## Task objective
Omit all pictures and transcribe only the lines in the entries below that run from the line with "Professionel bryllupsfotograf fra Vejle" through the line with "epic allure quad roller skates w rainbow".
----- Exercise materials
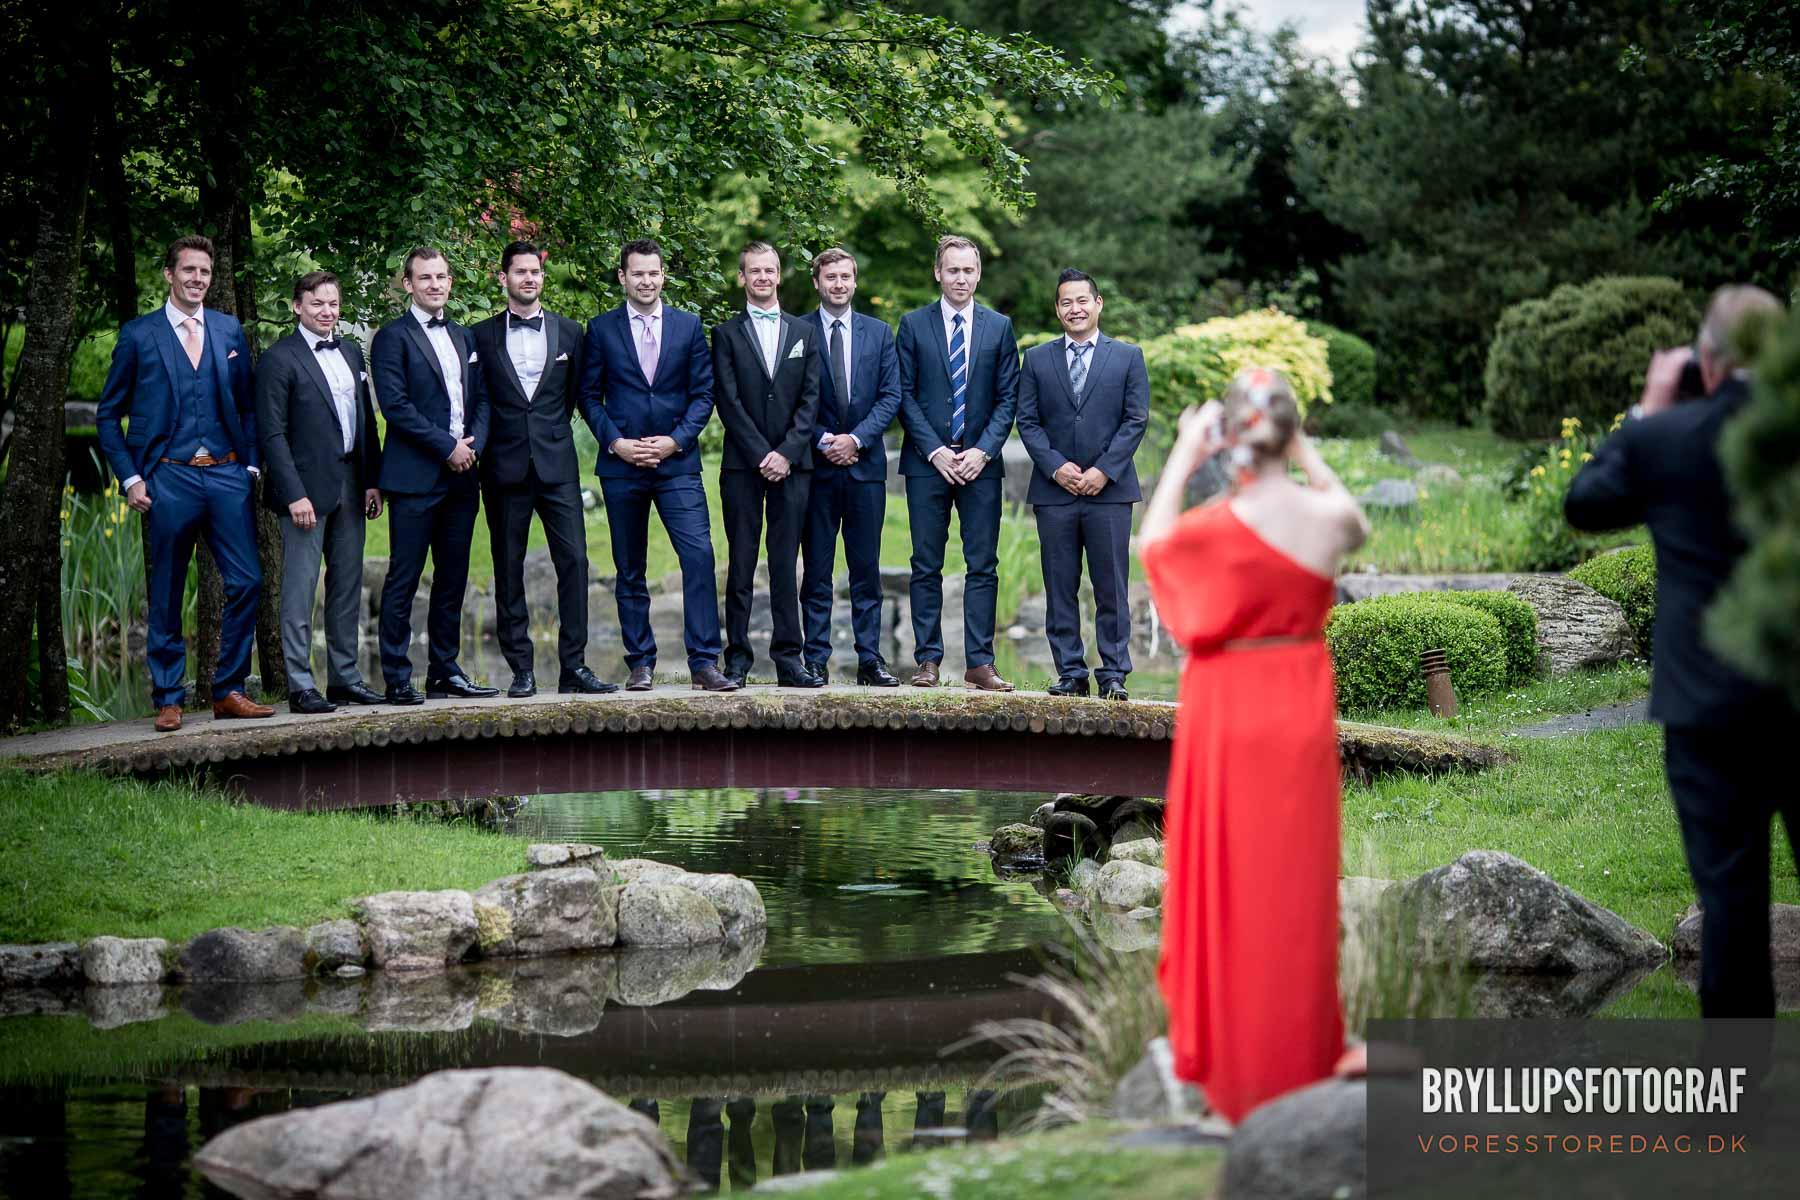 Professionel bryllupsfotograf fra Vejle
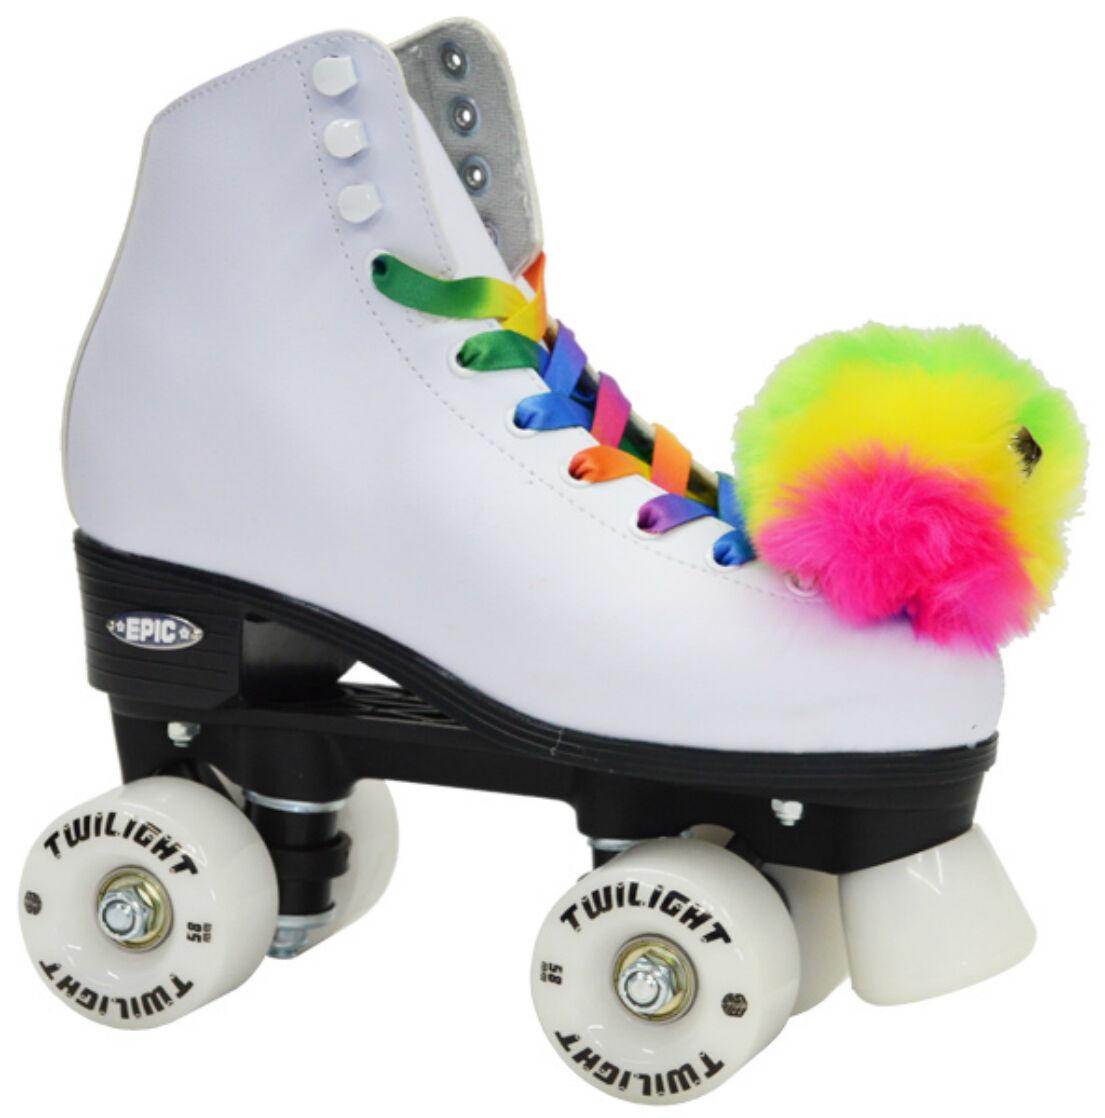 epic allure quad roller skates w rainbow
----------
----- Exercise materials
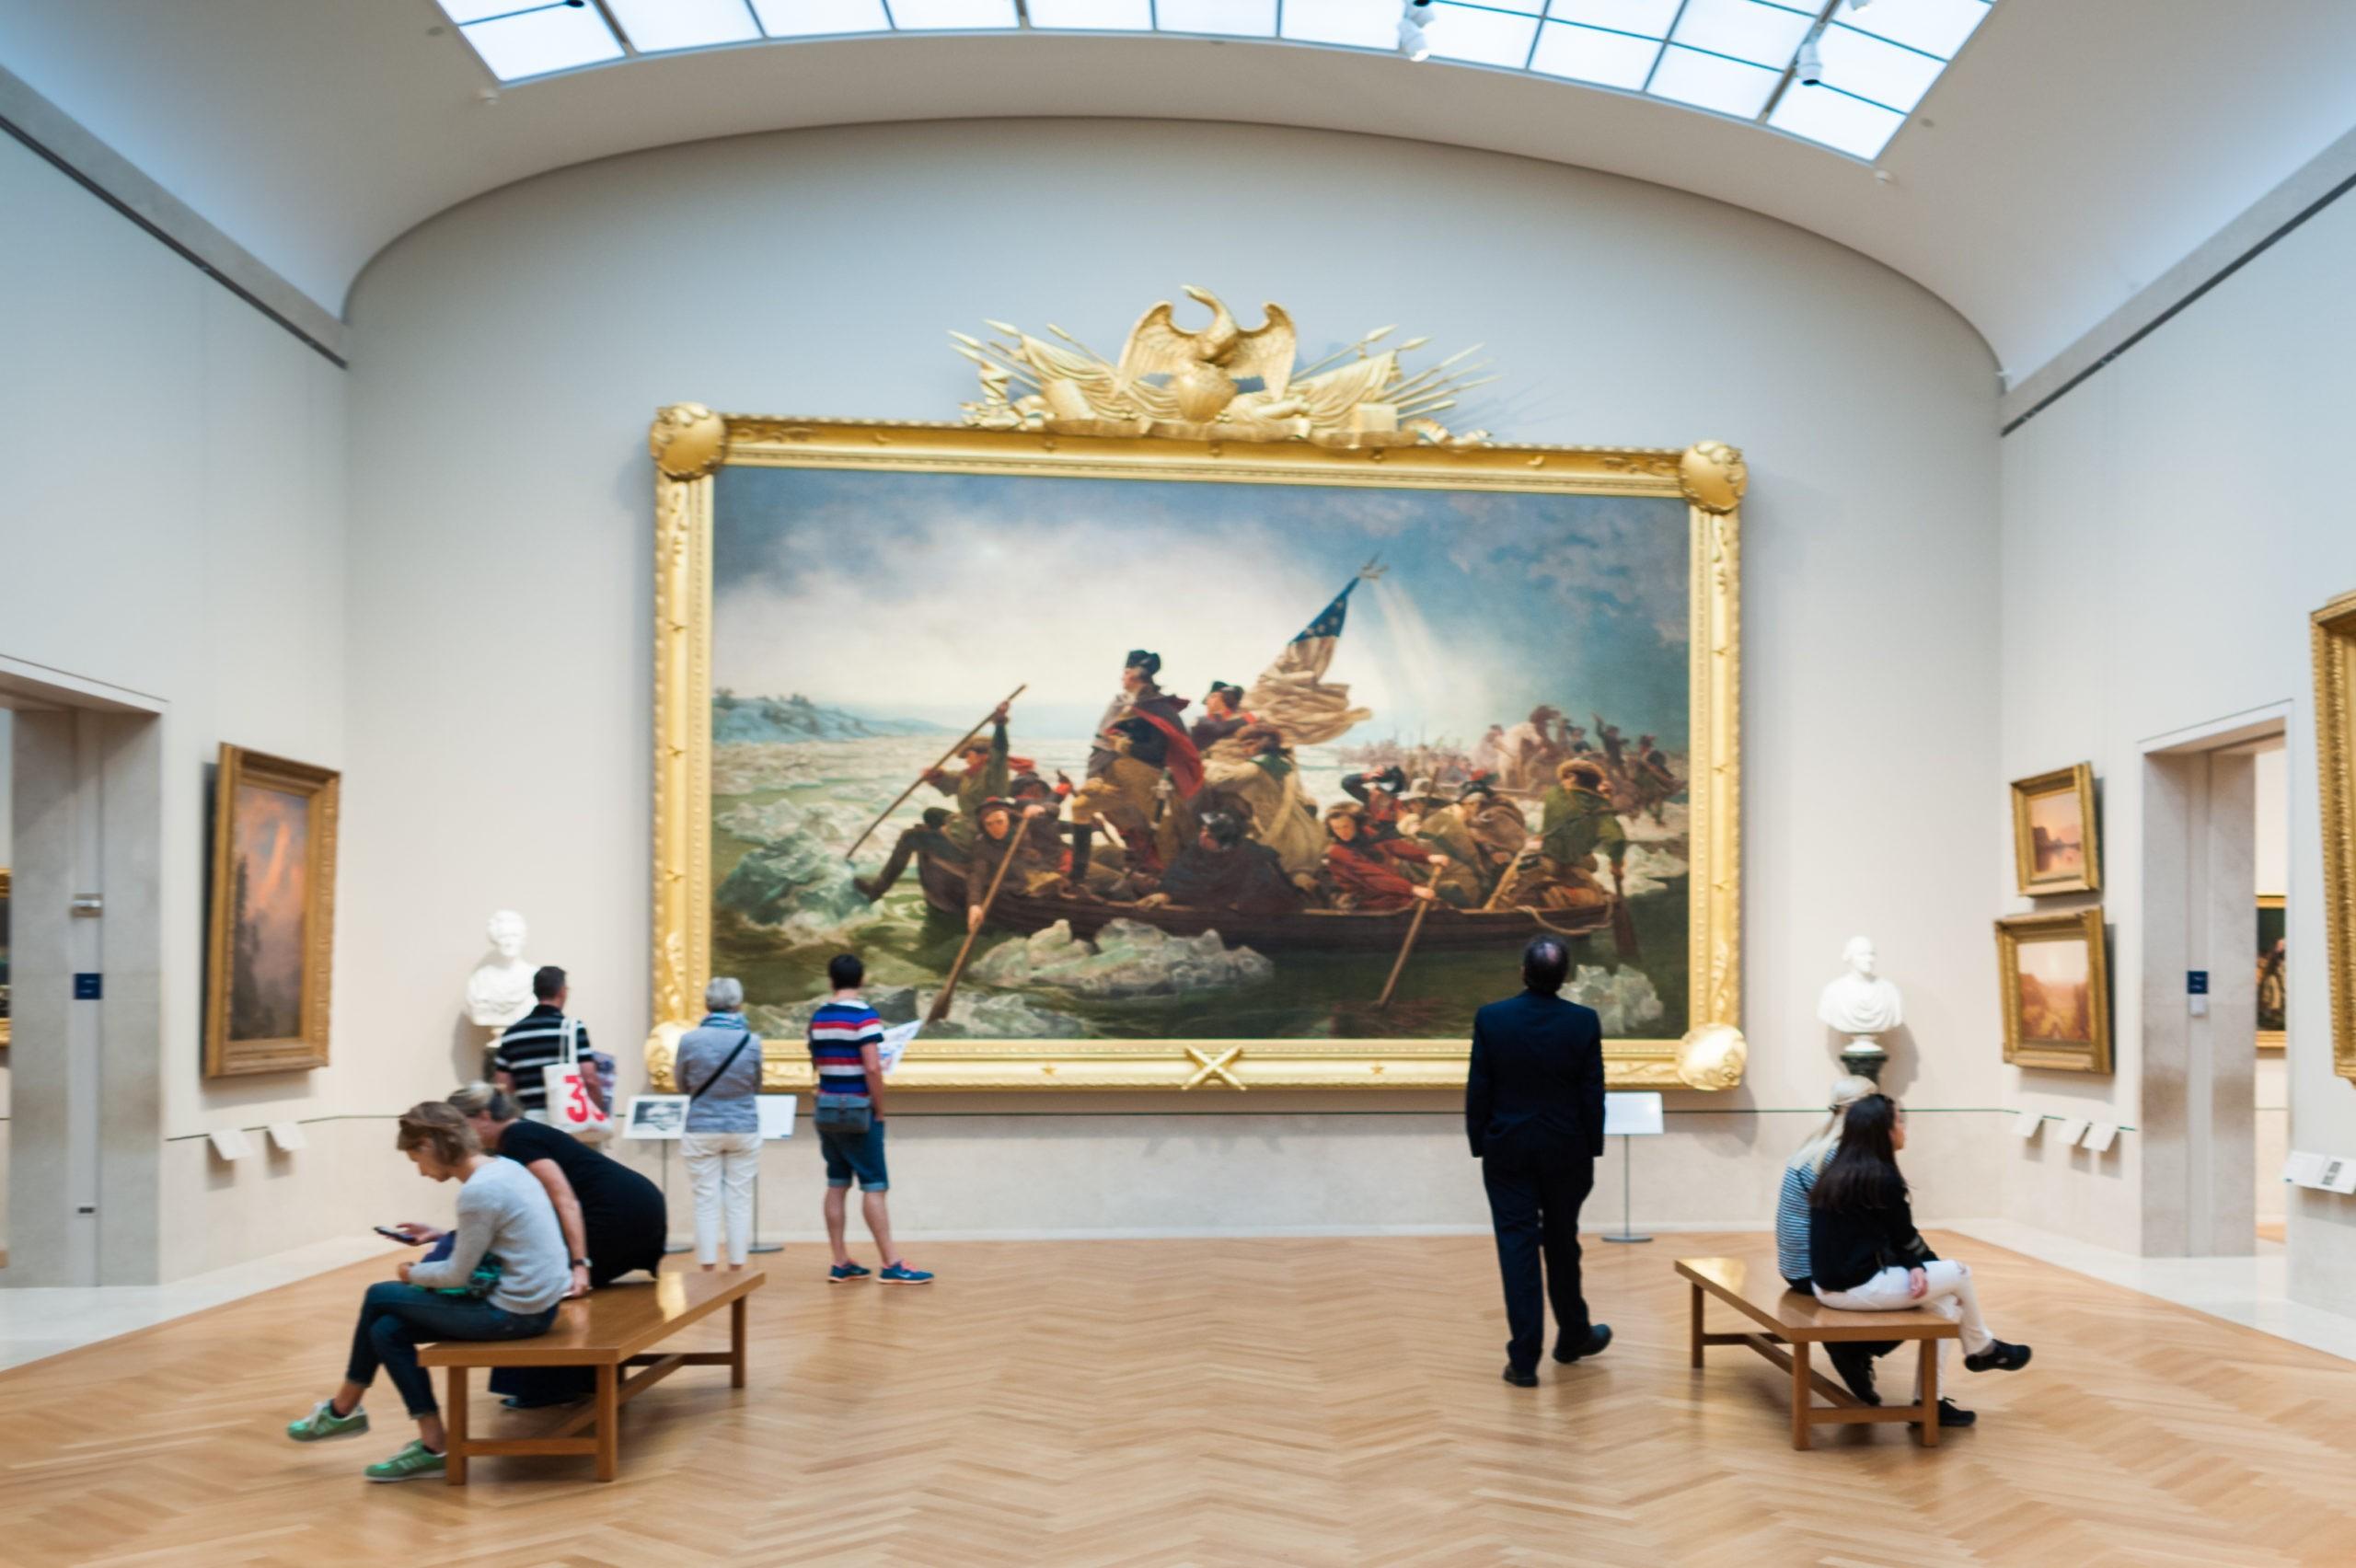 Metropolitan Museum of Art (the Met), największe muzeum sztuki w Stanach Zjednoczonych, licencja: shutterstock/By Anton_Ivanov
----------
## Output for this task
 Professionel bryllupsfotograf fra Vejle
 epic allure quad roller skates w rainbow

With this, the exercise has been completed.